Having the first crack at Drake before the impending Nothing Was the Same promo campaign is something I’m sure GQ is honored to receive. And after revealing the cover to their upcoming issue, Gentlemen’s Quarterly puts up their full cover story. Which has the Toronto rapper speaking about Chris Brown, rappers taking shots (“You notice they don’t criticize the music itself, though…I’m okay with that.”), “Started From The Bottom” and his struggles growing up and drawing inspiration from Marvin Gaye’s 1978 double-album Here, My Dear.

As for my whole story, I wouldn’t change a thing. I’ve told bits and pieces of it—and I’ll tell more. Maybe because I had friends who grew up in the hood, I could have acted like I had, too, and perpetrated a different lifestyle, and it would be eating away at me because it wouldn’t be the truth. I’m actually here in front of you living the truth. I wake up in the morning and my heart is light, man. It’s not heavy. I don’t have skeletons in the closet on their way out. This is my real age, my real name, my real past, and I’m good with that. No—I’m grateful for that.

The conversation then leads to the studio where Drake and 40 discuss the new album, saying they are “four songs in” including a track called “Tuscan Leather” that writer Michael Paterniti describes below…

“I ain’t gonna lie: I want to be the one you listen to this summer,” he says.

If in the past Drake had any reservations about playing bigger venues—about being able to energetically fill those venues while yearning for the days of mixtape intimacy—those doubts have been dashed now. “I fully accept I’m an arena-touring act,” says Drake. “When I’m writing, I’m thinking about how the songs are going to play live.

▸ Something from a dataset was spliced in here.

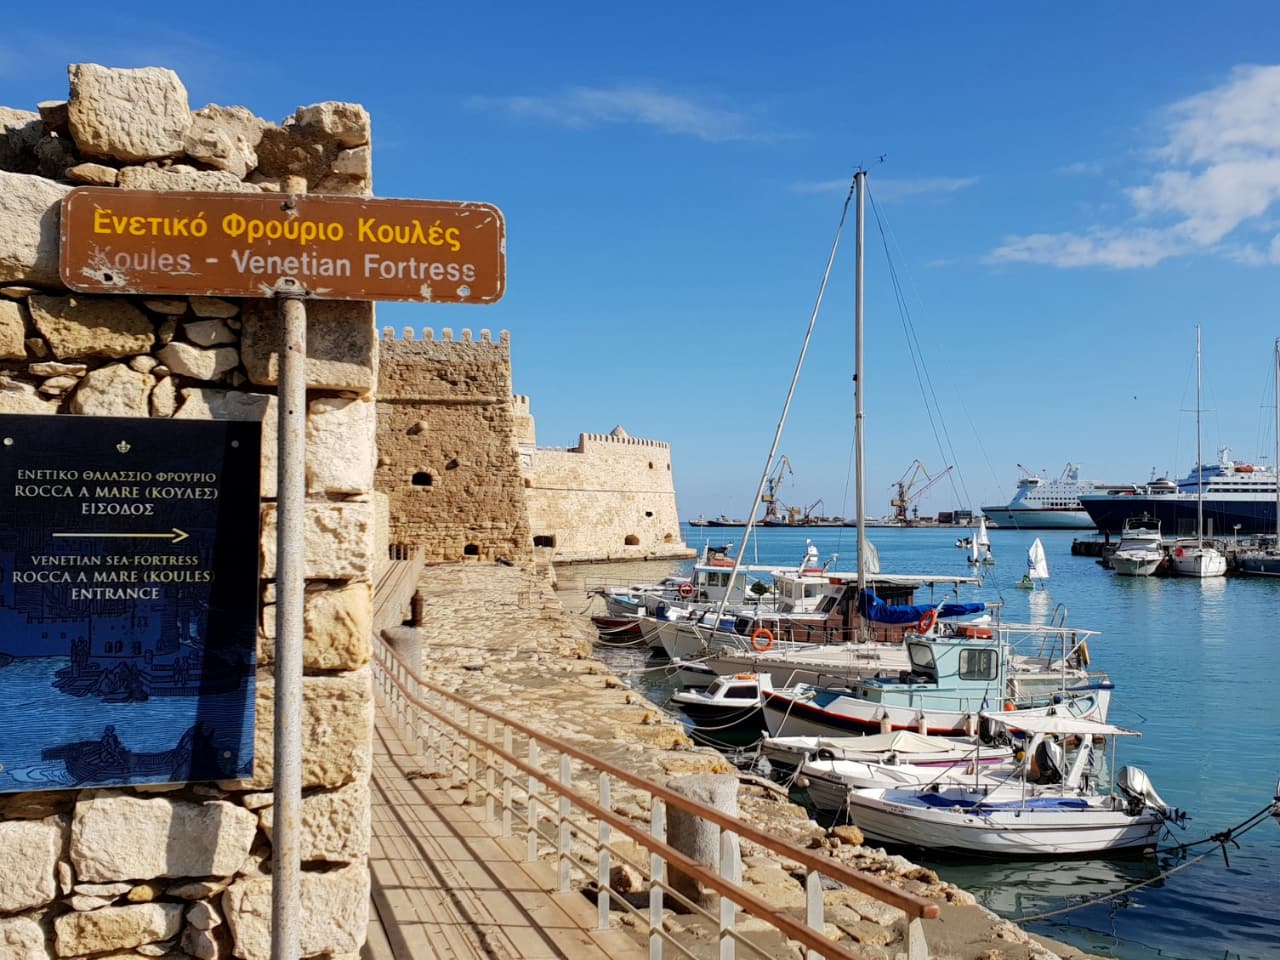 Air France to Connect Heraklion with Paris for the First Time
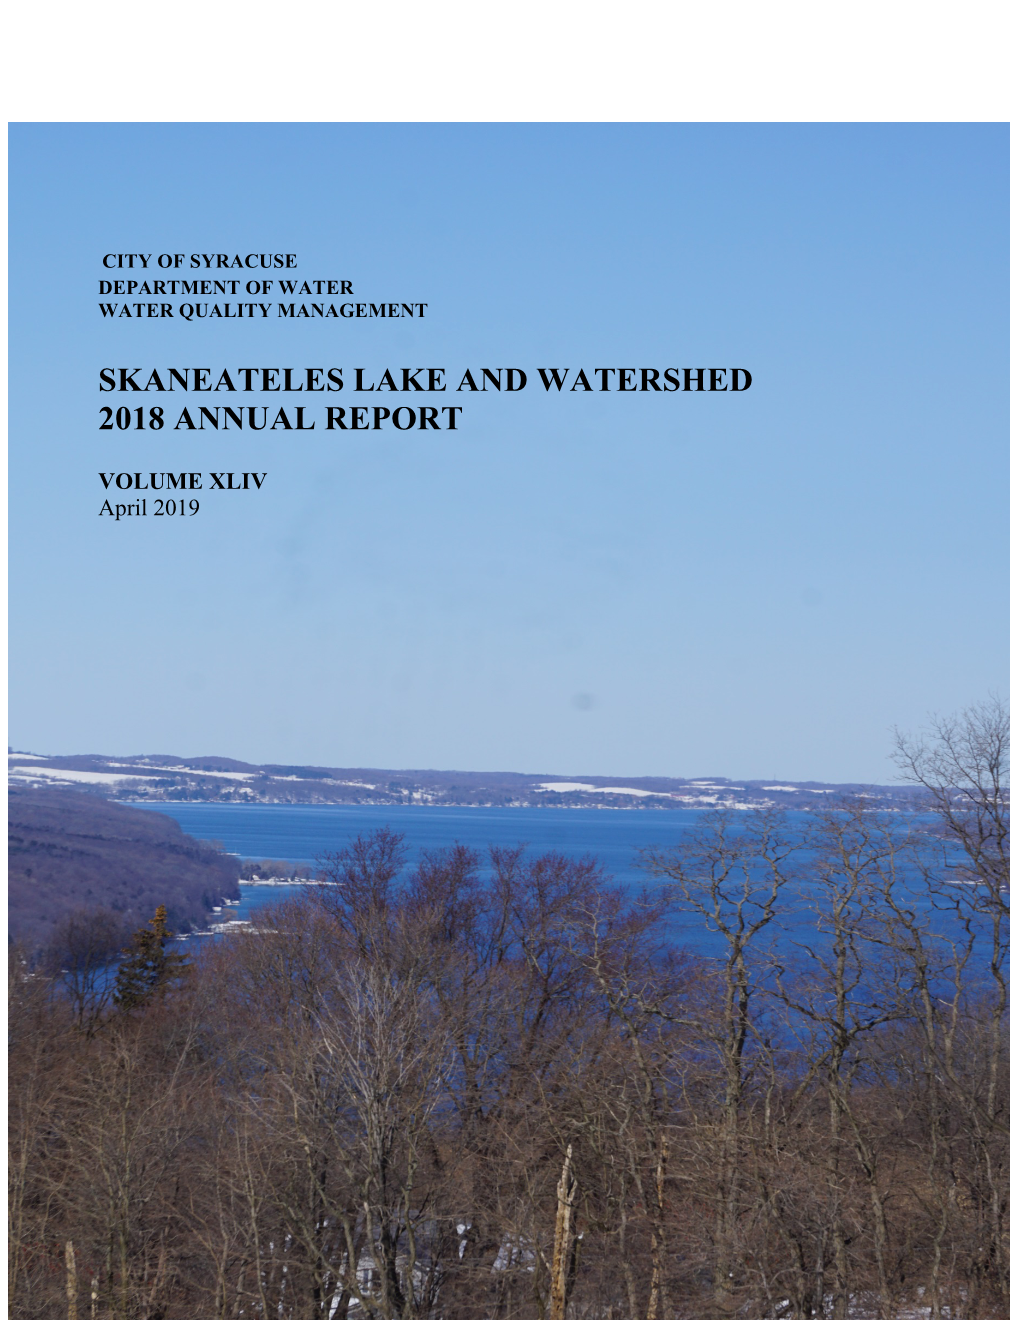 Skaneateles Lake and Watershed 2018 Annual Report

Fifty bars of rap don’t translate onstage. No matter how potent the music, you lose the crowd. They want a hook; they want to sing your stuff back to you. That’s why on this album I’ve been trying to condense my thoughts to sixteen-bar verses. There’s something to be said for spacing out the lines, to infiltrate people’s minds.”

Drake and 40 swivel at the same time and start tapping the keys of their laptops, cuing up the first track off of Nothing Was the Same, a song called “Tuscan Leather”—a title, Drake tells me, named for a Tom Ford fragrance that some say smells like a brick of cocaine.

The truth is I have no idea what to expect. The paradox of Drake is that he’s so multiple, he might write a love song sung by an Idol contestant (“Find Your Love”) or something so raunchy you can’t play it for kids (“Practice”). He could be rhyming about the kingdom of his material world, and then crooning about his spiritual state. He’s a mama’s boy who’ll cut you up, though his tough-guy posturing seems occasionally halfhearted because, after all, he seems so kind of…decent.

Now comes the music, in a sudden blast, like green light through fog, the first notes strange and dissonant, in a lurching 3/4 beat. The intro hurtles and whiplashes, and a woman’s voice, as if on helium, floats through the chaos, in the highest register, sorta funny and ghostly and beautiful. (It turns out to be a Whitney Houston sample.) The sound is an evocation of something that feels nostalgic and new, exuberant and menacing, at once. Which is when Drake’s voice breaks through, rapping, pumped up, spitting nails. Both inside and outside the song itself, he keeps repeating, How much time’s this nigga spending on the intro? How much time’s this nigga spending on the intro? It feels like bedlam.

All the while, the real Drake sits with his eyes closed across the room, moving his lips, rapping to himself rapping. There’s a verse, and then an as-yet-empty spot for a guest rap, and then Drake comes back under Whitney’s helium voice. This time the words shift, as does the beat, becoming more sinuous and personal. Rising underneath the music, too, is a gentler keyboard riff, and by the time the third verse ends, the song rivers into a soft, ambient landscape that includes crowd noise and then, eventually, a voice—Curtis Mayfield’s, at the end of a 1987 concert in Montreux—saying, “Having the same fears, shedding similar tears, and of course dying in so many years, it don’t mean that we can’t have a good life.”